Finalmente la presión internacional y la articulación de un efectivo mecanismo de recursos jurídicos consiguieron frustrar los propósitos que un tribunal de fanáticos y sanguinarios jueces, amparados en una particular interpretación islámica, tenían para con Safiya.
En ese momento el que ahora os habla tuvo, haciendo alarde de una ingenuidad que roza la estupidez, la absurda convicción de que la absolución de Safiya iba a suponer un precedente mundial para la salvaguardia de los Derechos Humanos en general y para la abolición de la ominosa práctica institucional de la lapidación.
Poco habría de durarme esa esperanza pues apenas unos meses después el mundo supo de otras dos mujeres sentenciadas a morir bajo las piedras: Amina Sawal, también en Nigeria y Zafran Bibi en Pakistán. Una vez más, las movilizaciones, las campañas de sensibilización y la llamada a manifestar una inequívoca repulsa por este acto dieron sus frutos materializados en dos respectivos indultos bajo el fantasma de los embargos internacionales y del peligro que supone (O tempora, o mores) que bajo el pretexto de que en tu país no se respetan los Derechos Humanos, seas invadido por otro país que los respeta menos aún.
Pero no quiero caer en esa trampa tan seductora. Ante situaciones como estas la comunidad internacional se convierte en un espacio de lapidaciones retóricas donde se aprovecha para declamar contra la pena de muerte, para arremeter contra la política exterior de algún Estado o para satanizar al mundo islámico en su conjunto. Y, en definitiva, se termina sin aportar ninguna solución práctica para terminar con la barbarie que ahora nos ocupa.
Ahora el horror nos ha vuelto a sorprender y en esta ocasión la víctima no ha tenido oportunidad alguna de defenderse ni de que la defiendan. Ocurrió el pasado 24 de abril en una zona rural situada al oeste de Feizabad, a 300 kilómetros al norte de Kabul, la capital de Afganistán. Se llamaba Amina. Su delito: mantener relaciones con otro hombre después de que su marido la abandonara cinco años atrás. El "agraviado" regresó a casa un día y decidió terminar su matrimonio de la forma más expeditiva: hasta que la muerte os separe. La sentencia fue anunciada por el líder religioso local, el mulá Mohamed Yusuf. Tres días después, la mujer fue lapidada hasta morir en la plaza del pueblo.
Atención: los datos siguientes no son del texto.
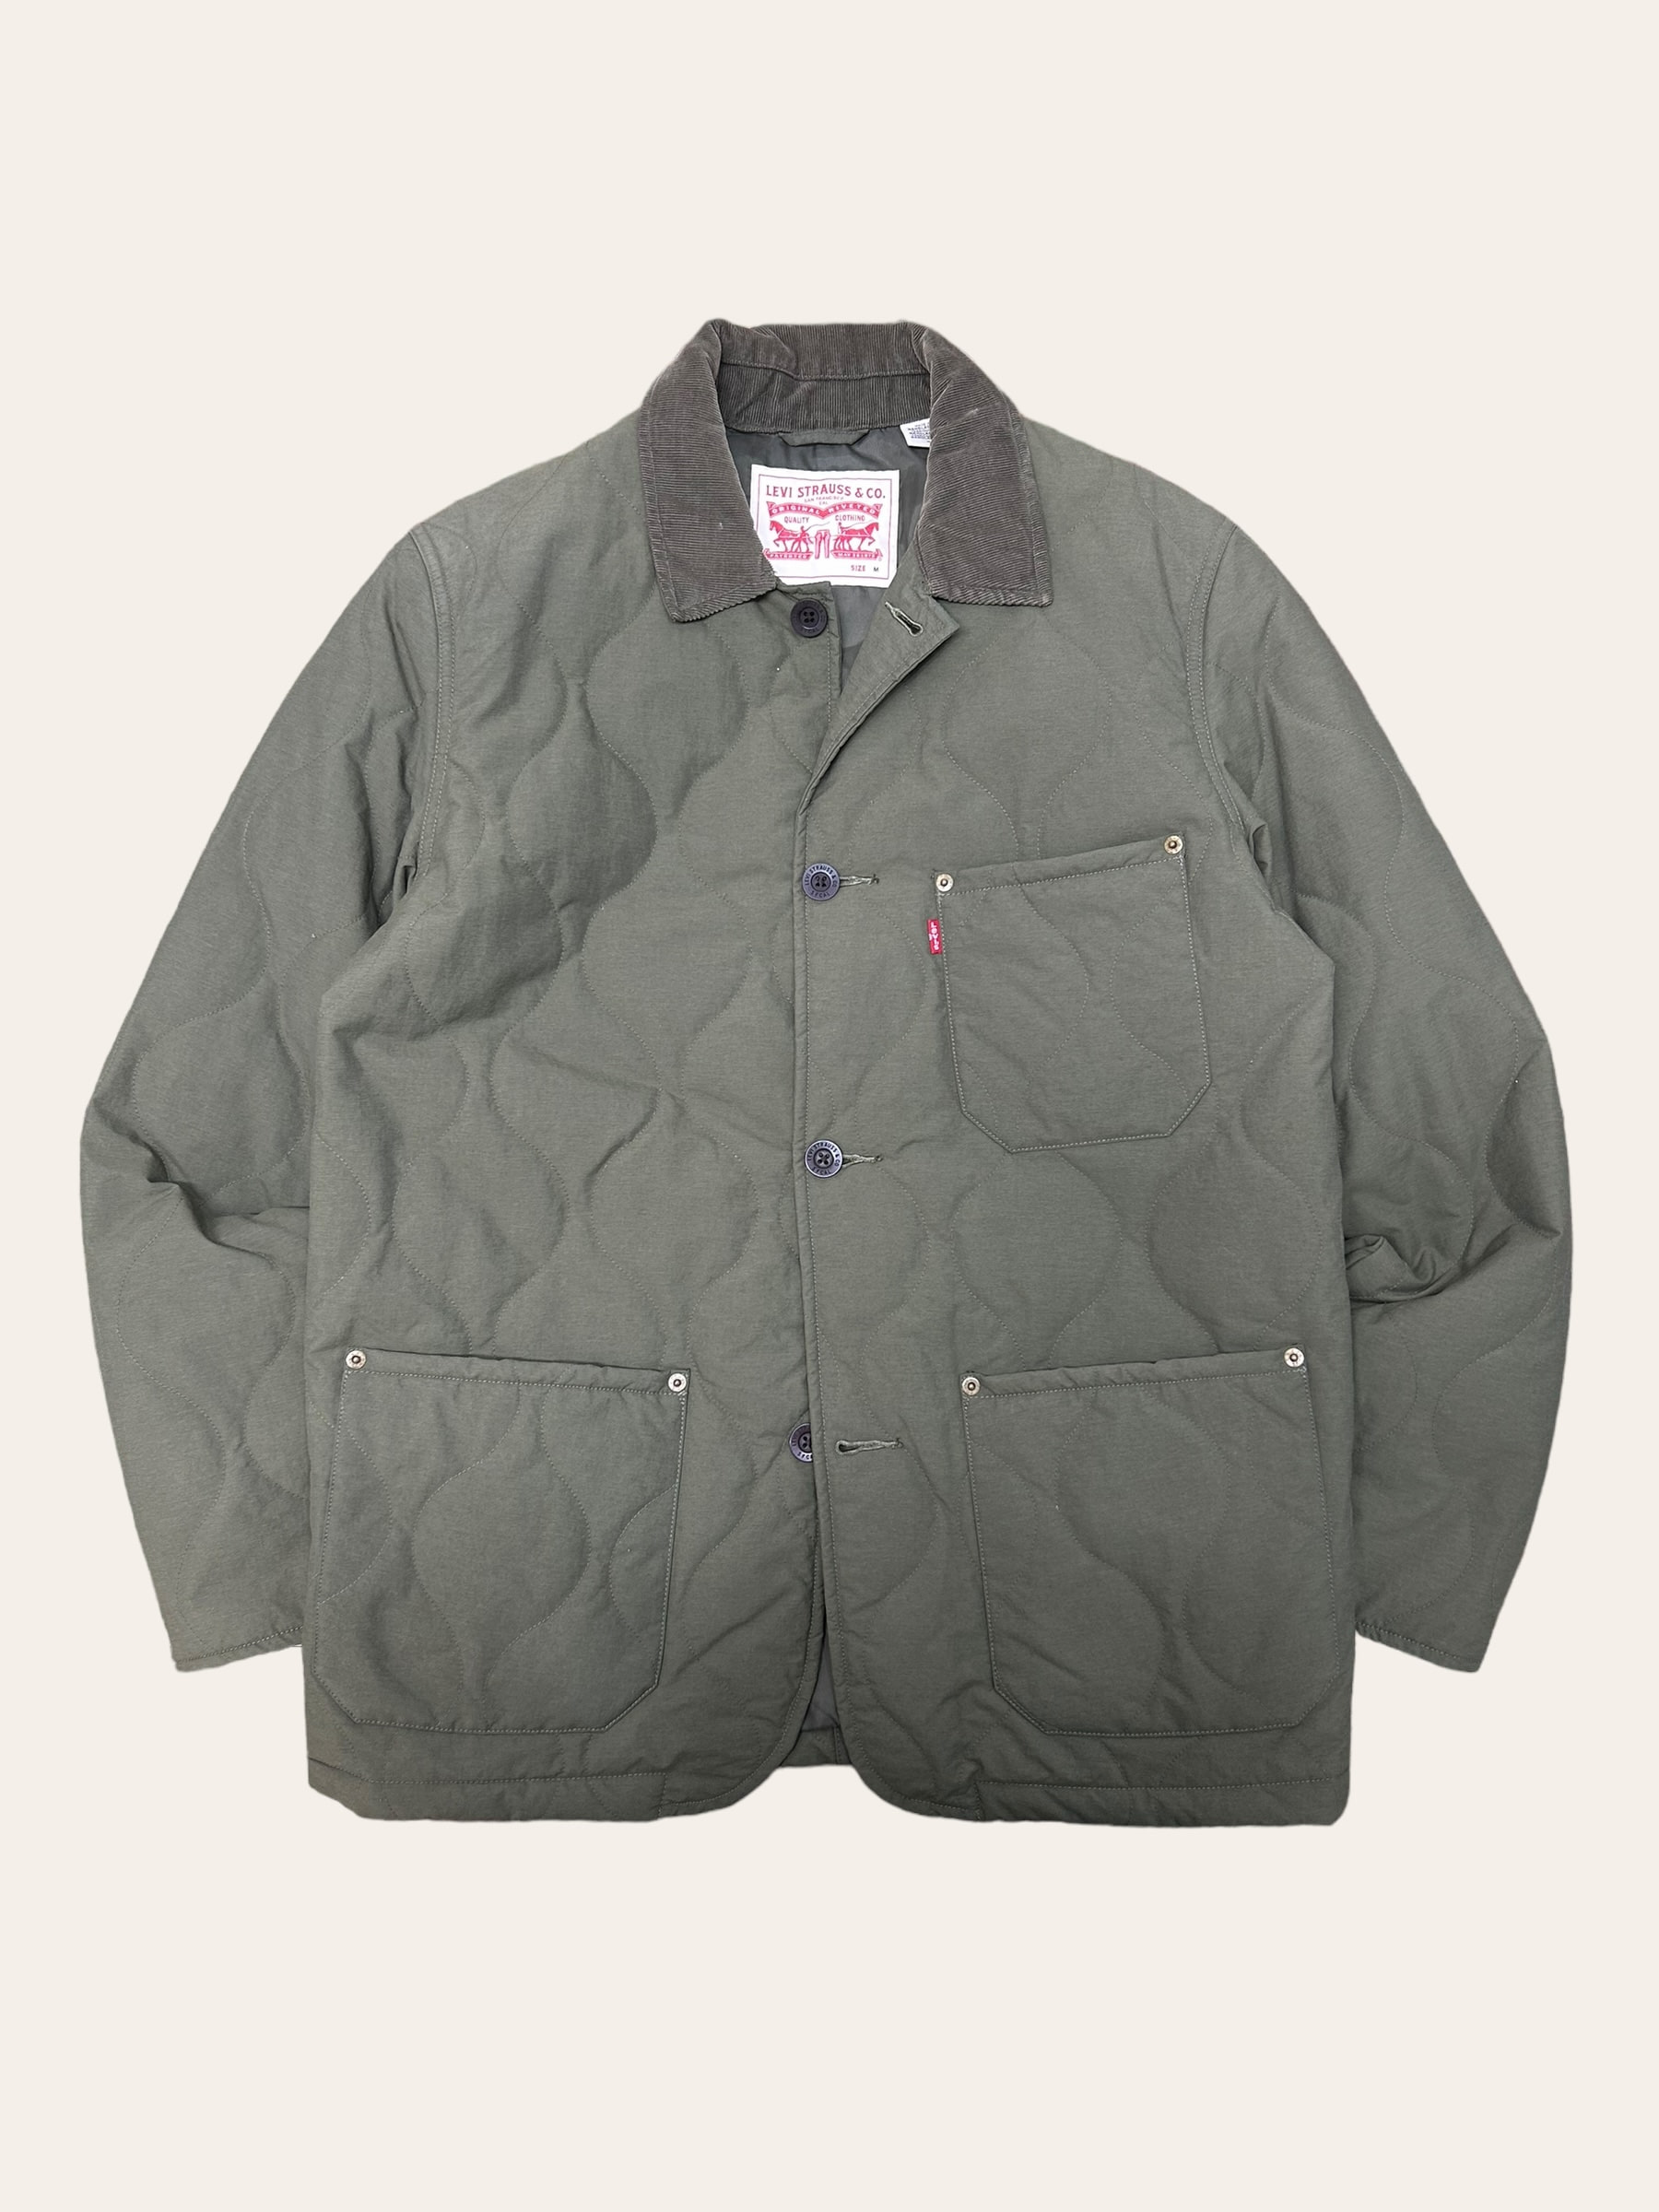 Levis khaki color quilted chore jacket M

El marido lanzó la primera piedra.
No hubo garantías jurídicas ni oportunidad de apelaciones ni tiempo para una nueva movilización ni llamamientos a la solidaridad internacional. El gobierno de Afganistán se escuda en el desconocimiento del suceso. Nadie sabía nada.
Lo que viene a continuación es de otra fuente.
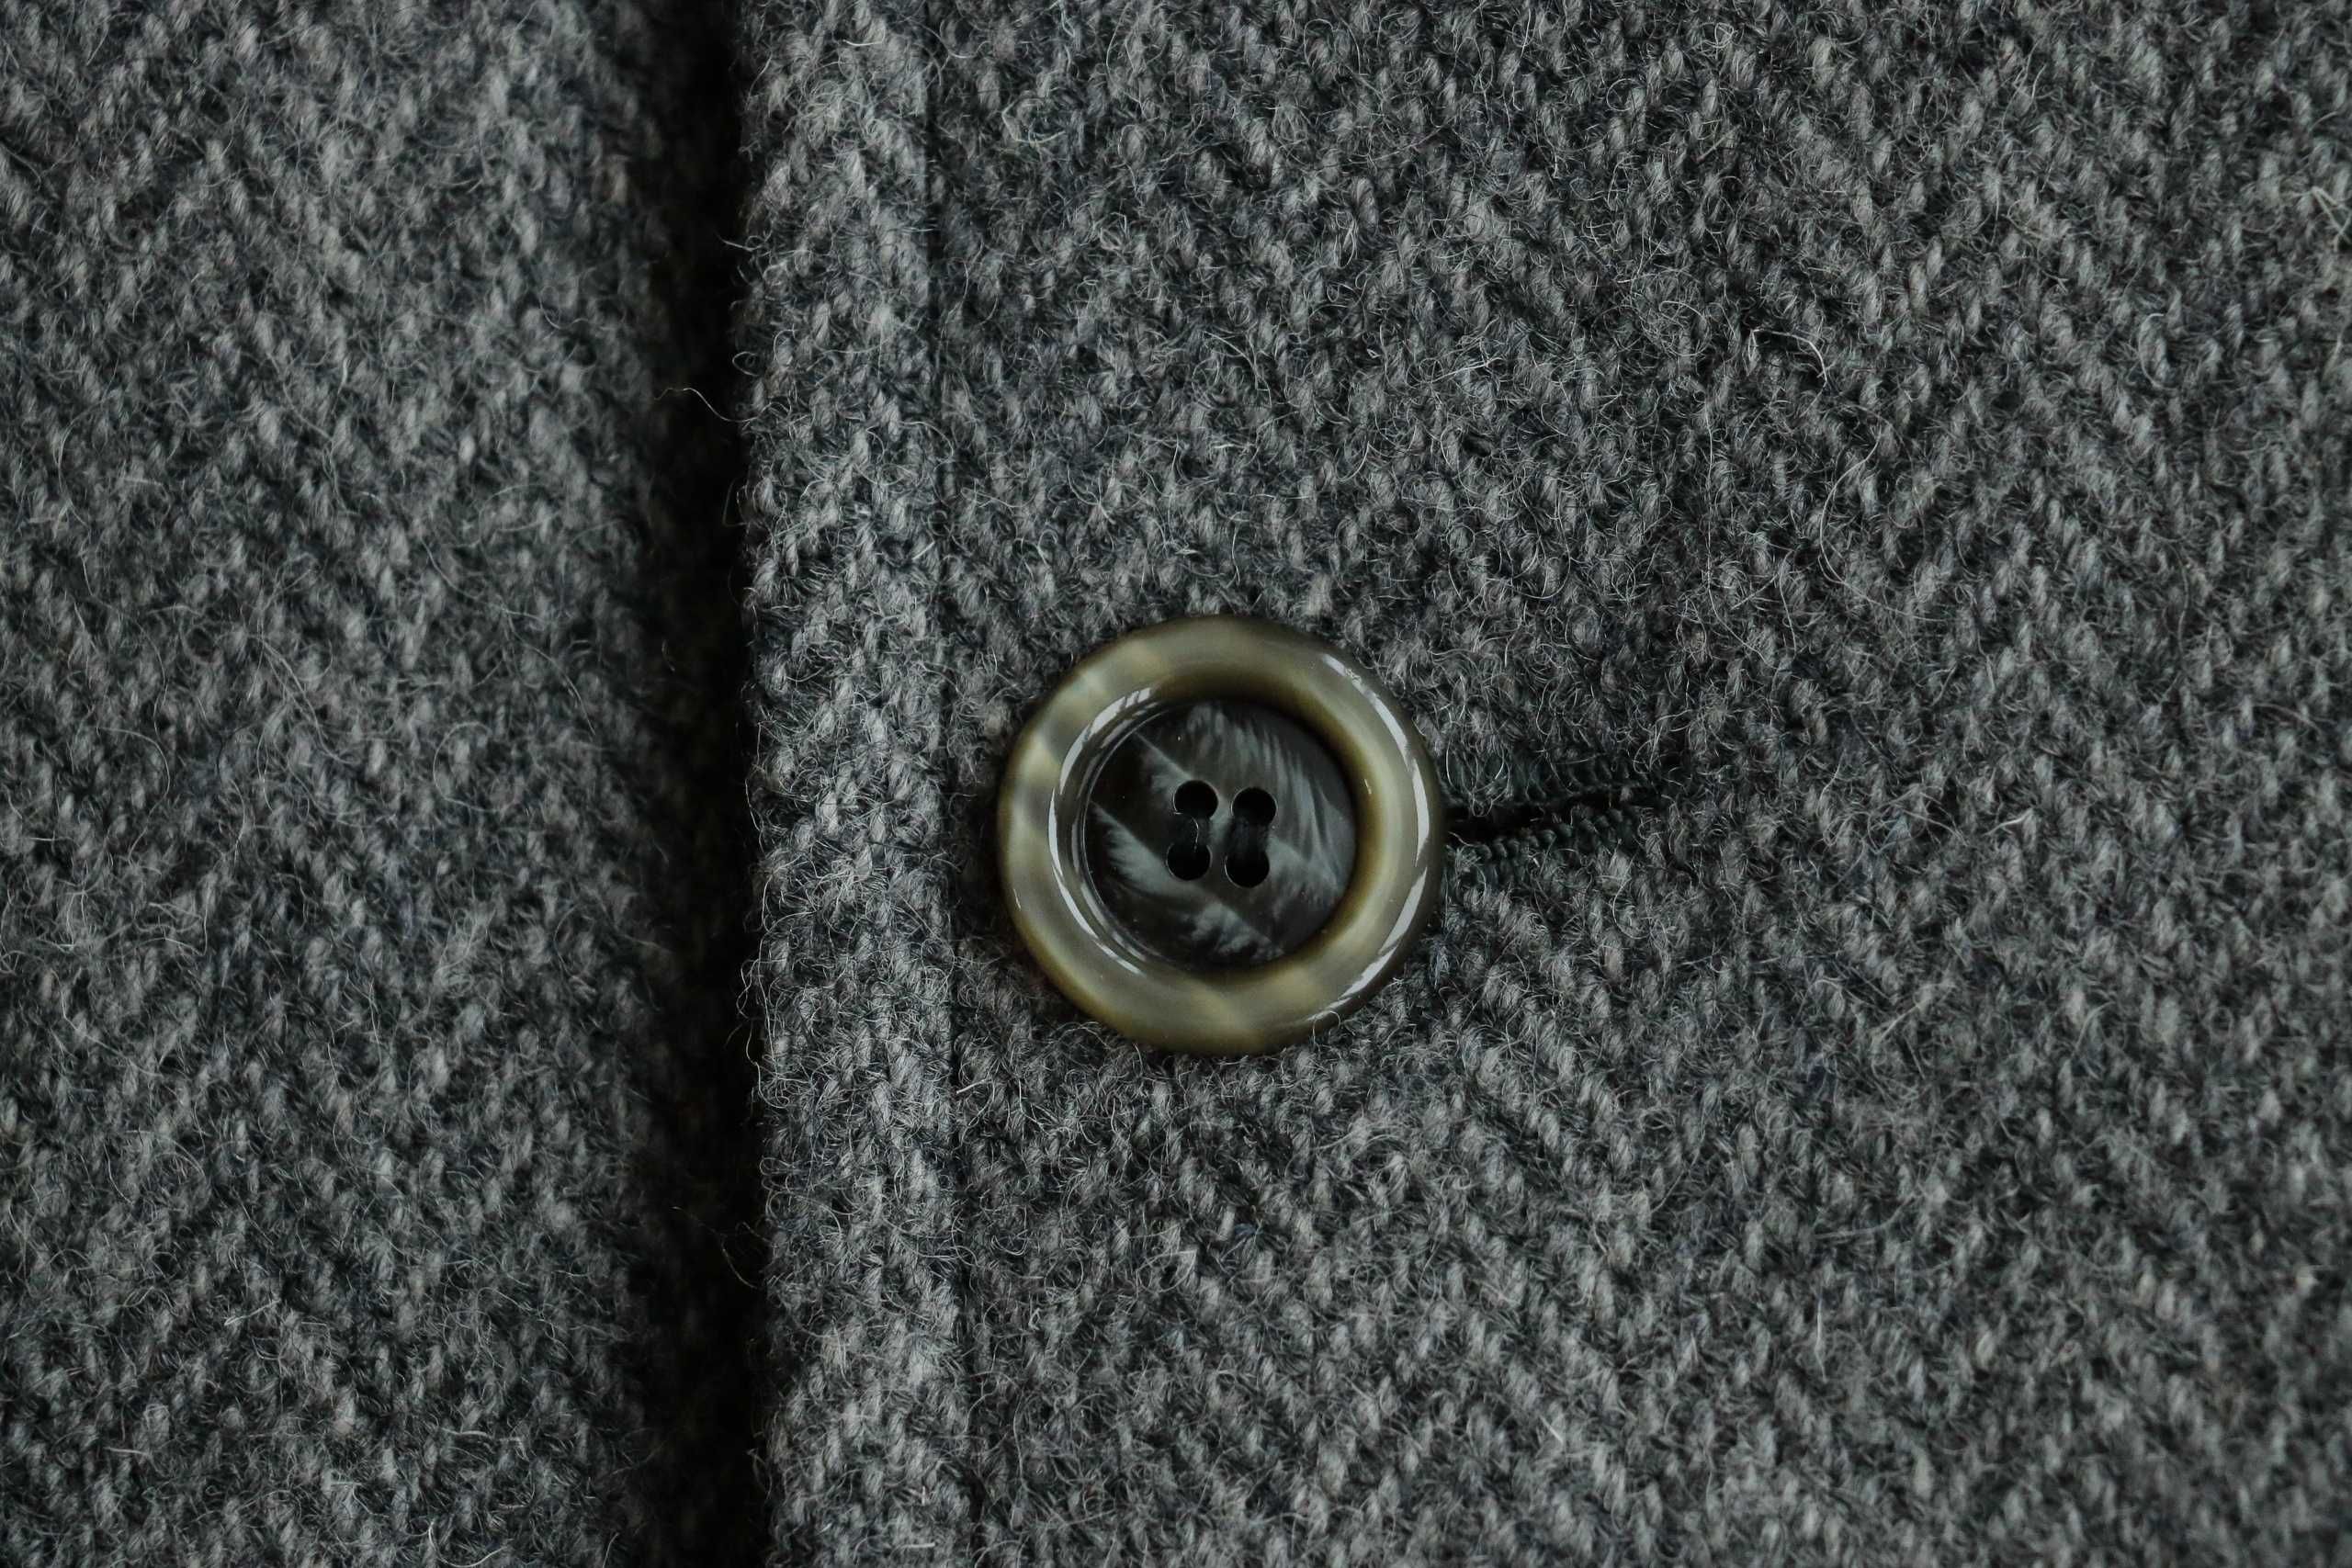 HARRIS TWEED Vintage Wool Coat Blazer Jacket, L-XL

Pero ahora todos lo sabemos.
Y siendo este un crimen que escapa a toda denuncia, no debemos permitir que la vergüenza, el pesimismo antropológico, la rabia o el asco nos atrapen y nos cieguen impidiendo ver las posibles soluciones.
Bajando al terreno práctico lo primero que procede es preguntarnos por qué ha ocurrido algo así.
Tras la caída del régimen talibán, la mujer afgana había recuperado en apariencia gran parte de los Derechos que, como persona, le son inherentes bajo el prisma iusnaturalista del concepto mismo de persona. Afganistán resurge de las oscurantistas cenizas del fundamentalismo con una nueva y flamante Constitución que recogía la igualdad de género, el derecho a voto, a la educación, la participación política (incluso se contempla un Ministerio propio para la Mujer) y la no discriminación por razones de sexo. Pero más allá de los fuegos artificiales, un análisis más detenido nos descubre que dicha constitución no sólo está vacía de contenido (no se prohíbe expresa y tajantemente la lapidación ni otras prácticas vejatorias y antagonistas del concepto de dignidad humana) sino, lo que es casi peor, de medios.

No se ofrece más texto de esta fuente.